Le Dr Sonia a décrit une forte baisse des conditions dans les hôpitaux publics, notant que « des articles de routine qui étaient autrefois considérés comme acquis, tels que des gants, des sondes et du désinfectant, sont manquants ou de mauvaise qualité ». Le roulement élevé du personnel infirmier et des techniciens – dont beaucoup partent après deux à trois ans – signifie que les hôpitaux sont « constamment (dotés) de personnel inexpérimenté ». Cette problématique s’étend au-delà des médecins, à tous les professionnels de santé à la recherche de meilleures opportunités. Ce taux de rotation élevé affecte par la suite la qualité des soins prodigués puisque le personnel est constamment formé pour partir dès qu’il acquiert les compétences nécessaires pour être employable à l’étranger.

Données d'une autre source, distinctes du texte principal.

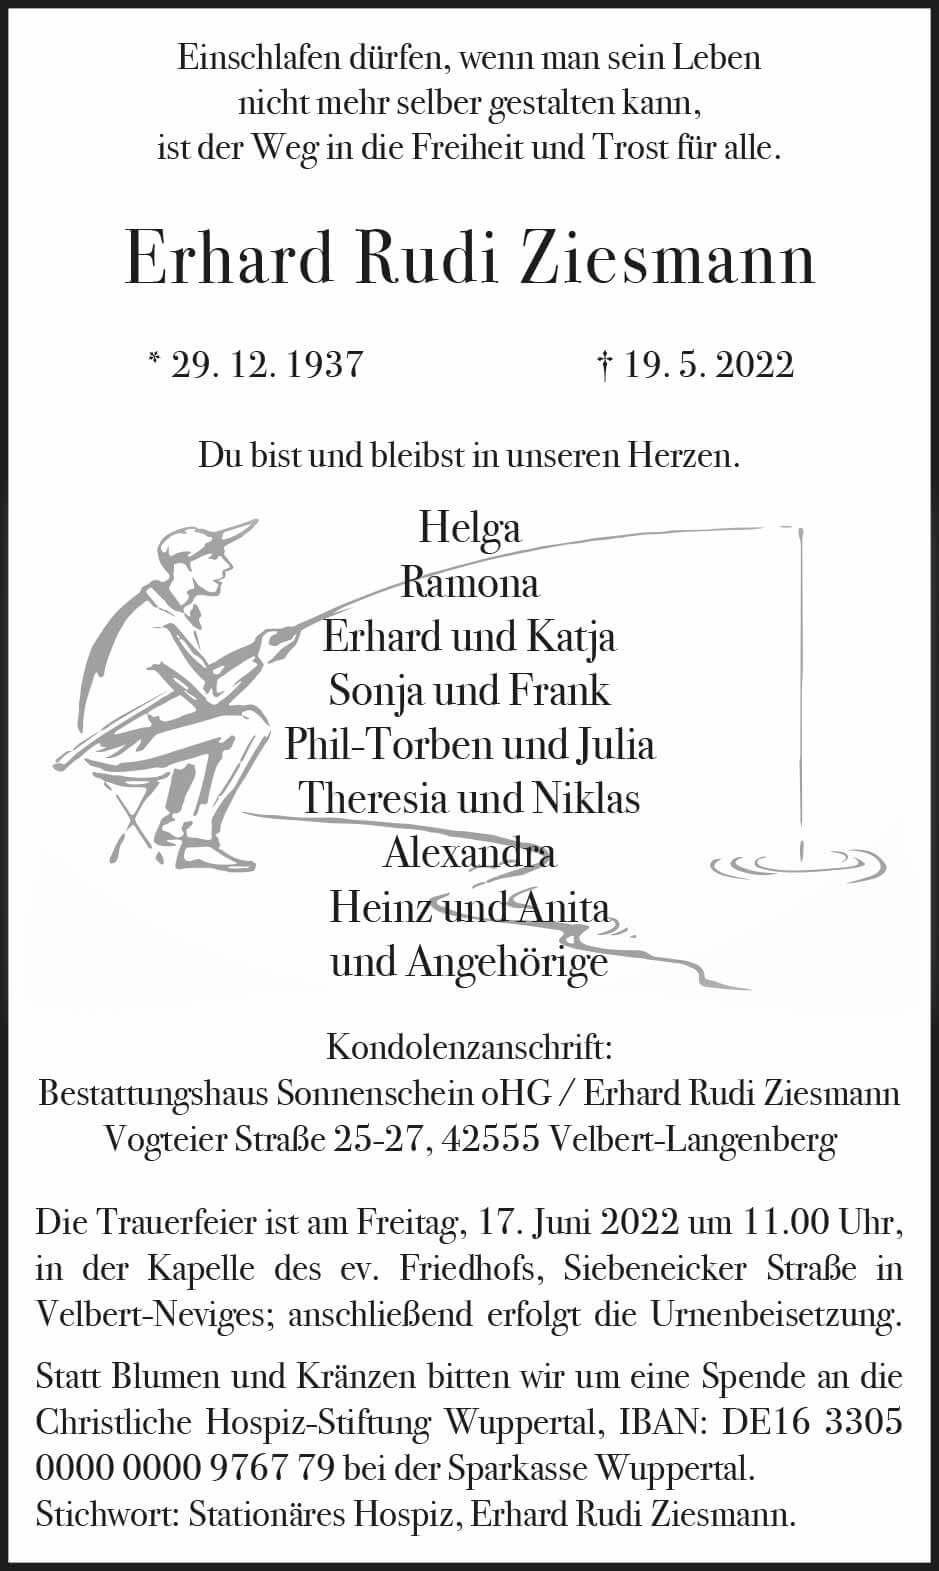 Erhard Rudi Ziesmann † 19. 5. 2022

L’émigration des médecins et autres professionnels de la santé a gravement affecté la capacité du système de santé à fournir des soins de qualité.

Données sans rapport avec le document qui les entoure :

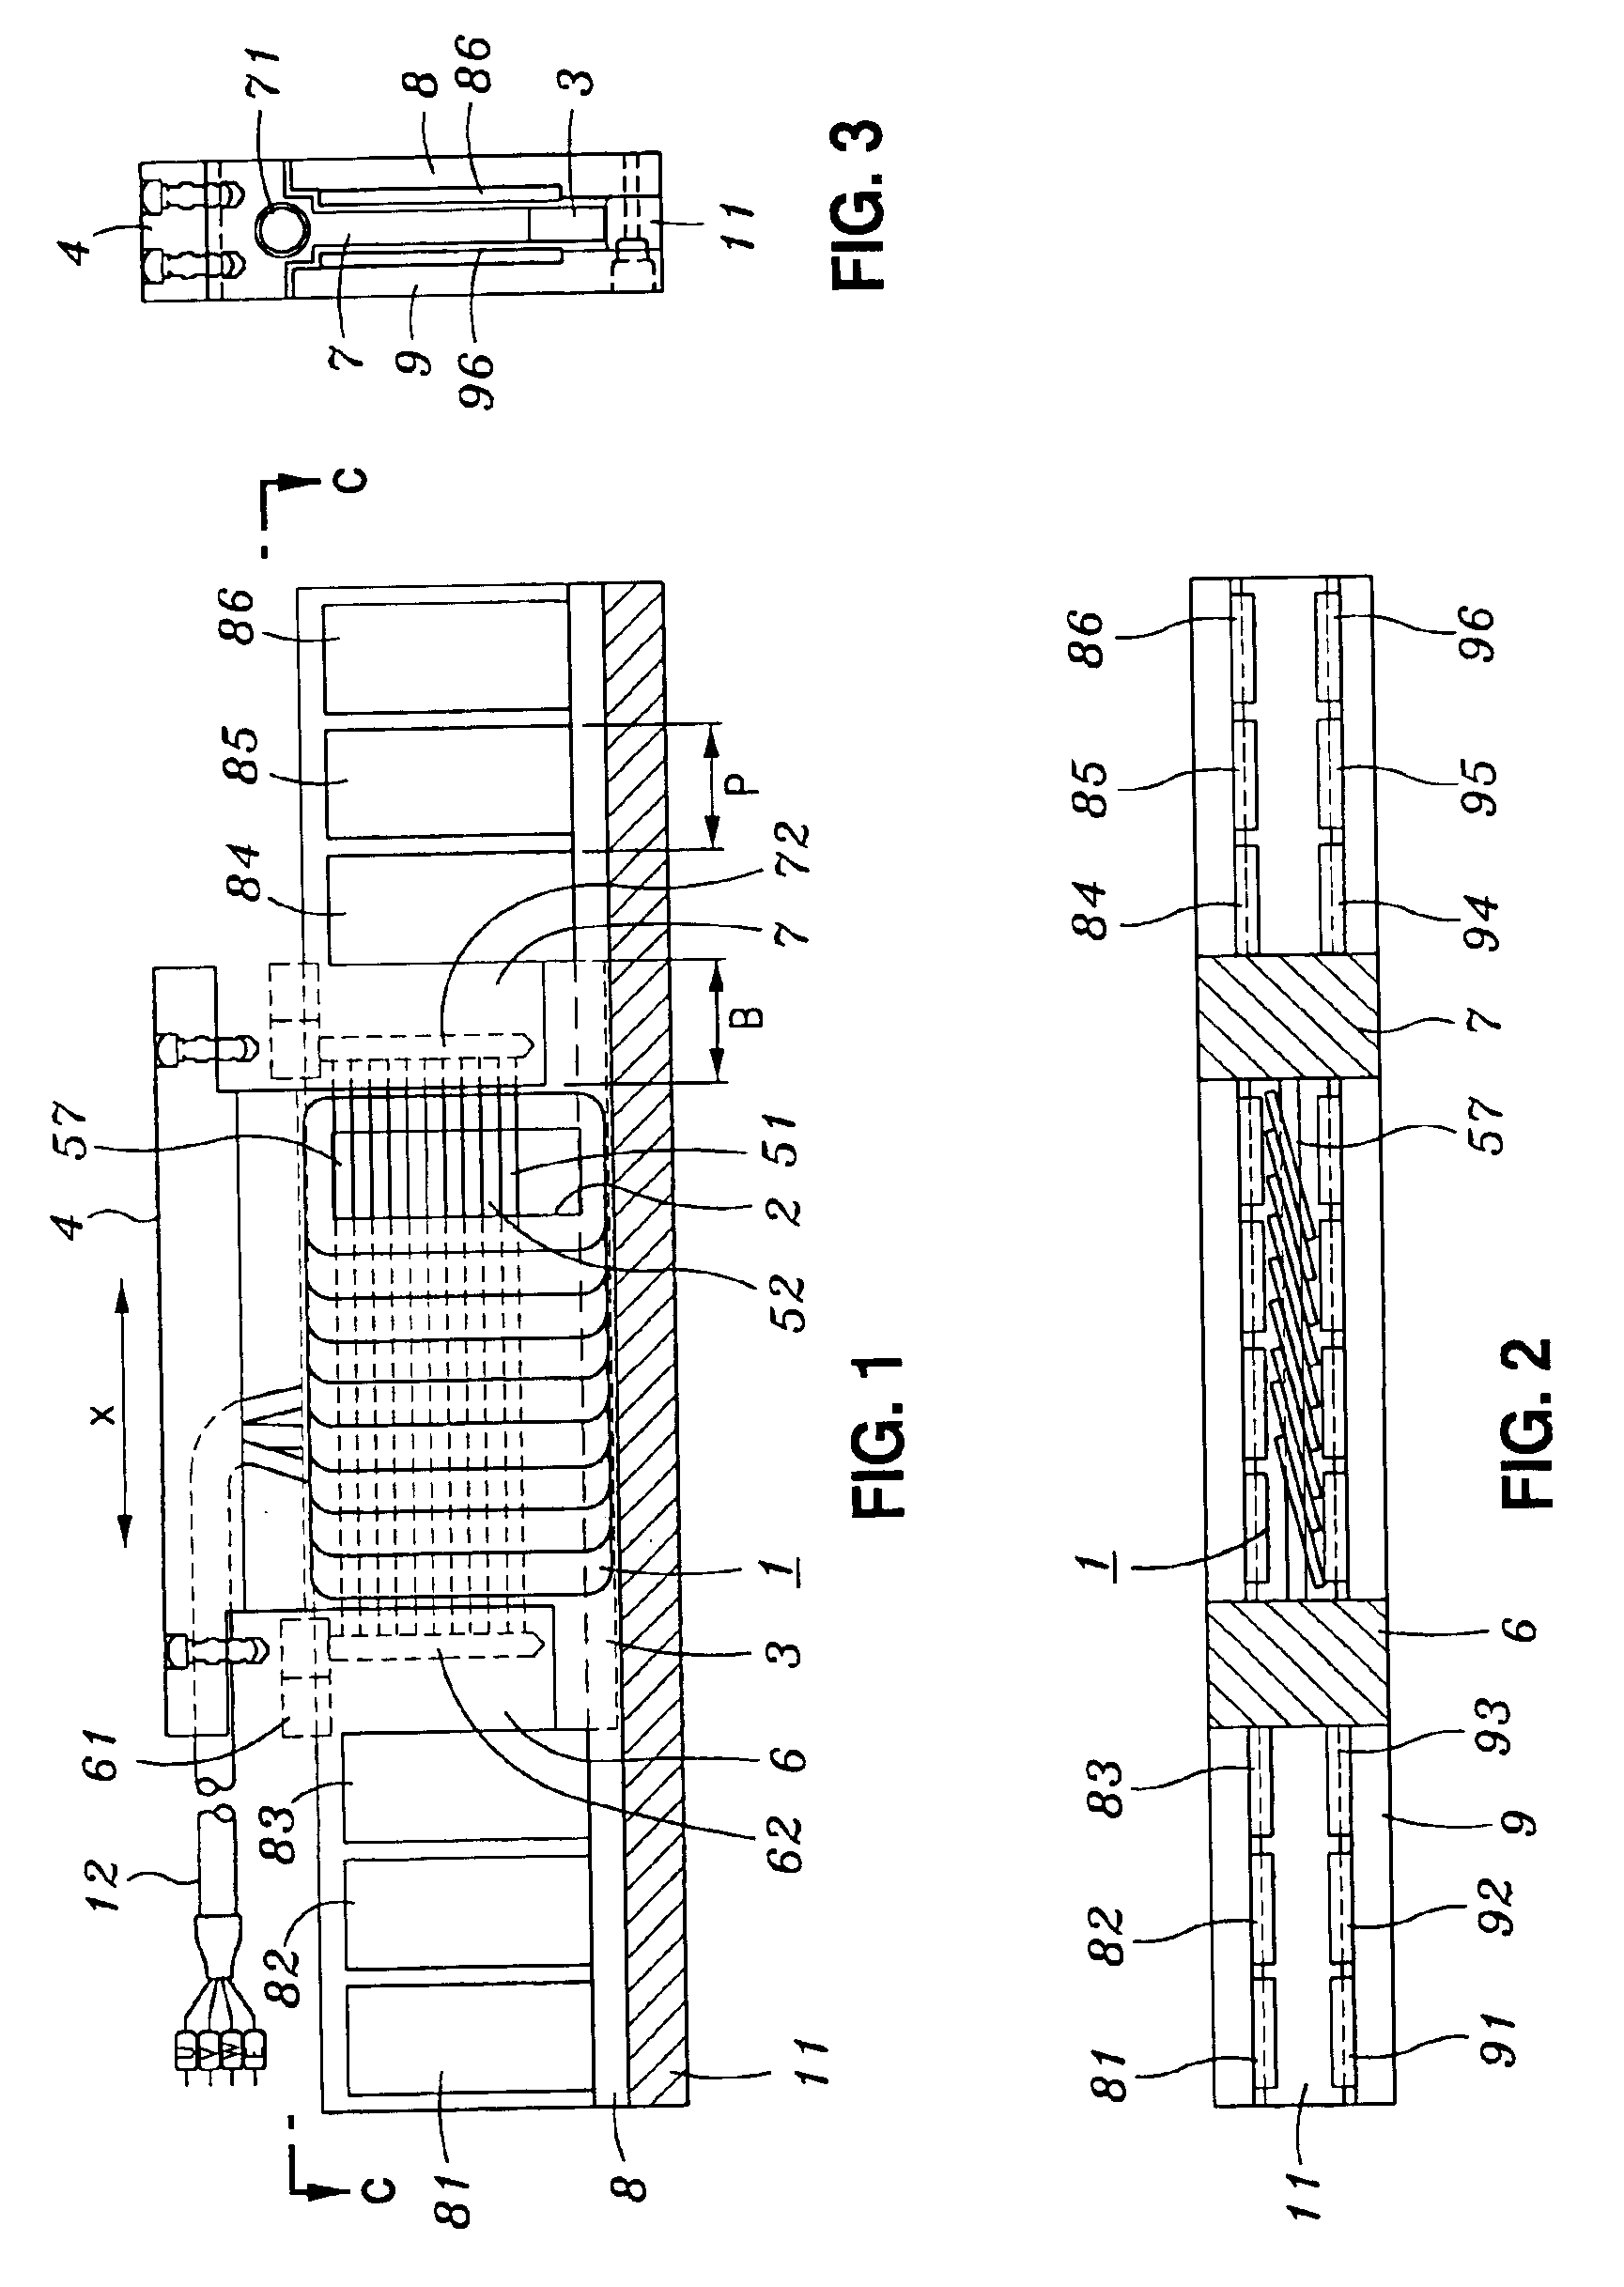 Ironless AC linear motor

La Dre Sonia a raconté un exemple dévastateur dans son hôpital où une patiente diagnostiquée avec un cancer de l’endomètre avait besoin d’une IRM, mais a dû attendre six mois pour en obtenir une ou se retrouver face à une option inabordable dans le secteur privé. Son cas aurait pu être facilement guéri avec une simple intervention chirurgicale. Au lieu de cela, il est devenu inopérable en raison de métastases importantes. Selon les mots du Dr Sonia, il s’agissait « d’un cas tout à fait évitable si l’IRM avait été réalisée à temps ».
Le Dr Mouna, résident en pédiatrie, évoque les conditions de travail dangereuses, expliquant que des agressions de la part des proches d’un patient peuvent avoir lieu et que « vous pouvez être exposé à la violence sans que personne ne vous protège ». Elle a déclaré que les réformes promises sont toujours à la traîne, surtout après l’accord de juin 2025. «Ils ont dit que les changements commenceraient d’ici la fin octobre, mais pour l’instant, rien n’est différent», a-t-elle noté.
Des réformes nécessaires pour retenir les médecins
Faire face à cette crise nécessite une approche globale. Cela commence par améliorer la sécurité et les infrastructures des hôpitaux publics pour garantir un environnement de travail sain. Parallèlement, la confiance dans le système doit être rétablie grâce à des systèmes de formation transparents et à des critères d’évaluation objectifs. Une autre mesure importante à adopter serait l’amélioration de la rémunération financière des médecins pour qu’ils se sentent plus valorisés. L’année civile obligatoire doit également être restructurée pour devenir une opportunité professionnelle significative pour la carrière des médecins plutôt qu’un fardeau. En mettant en œuvre ces réformes, les médecins tunisiens à l’étranger pourraient se sentir plus incités à revenir, surtout si le gouvernement met en place un système de réadmission fluide.
En fin de compte, le système de santé doit être centré à la fois sur les patients et sur les médecins. Des histoires comme celle de Sonia devraient guider les décisions politiques concernant les chaînes d’approvisionnement, le personnel, les salaires, la gouvernance, la sécurité et bien plus encore. Les jeunes médecins constituent l’épine dorsale du système de santé tunisien et ont clairement exprimé leurs besoins et leurs préoccupations à plusieurs reprises auprès des responsables gouvernementaux. La solution est simple ; ils ont besoin d’être entendus.
Iyed Hamadi est chercheur non-résident au TIMEP et se concentre sur la migration et le déplacement en Tunisie.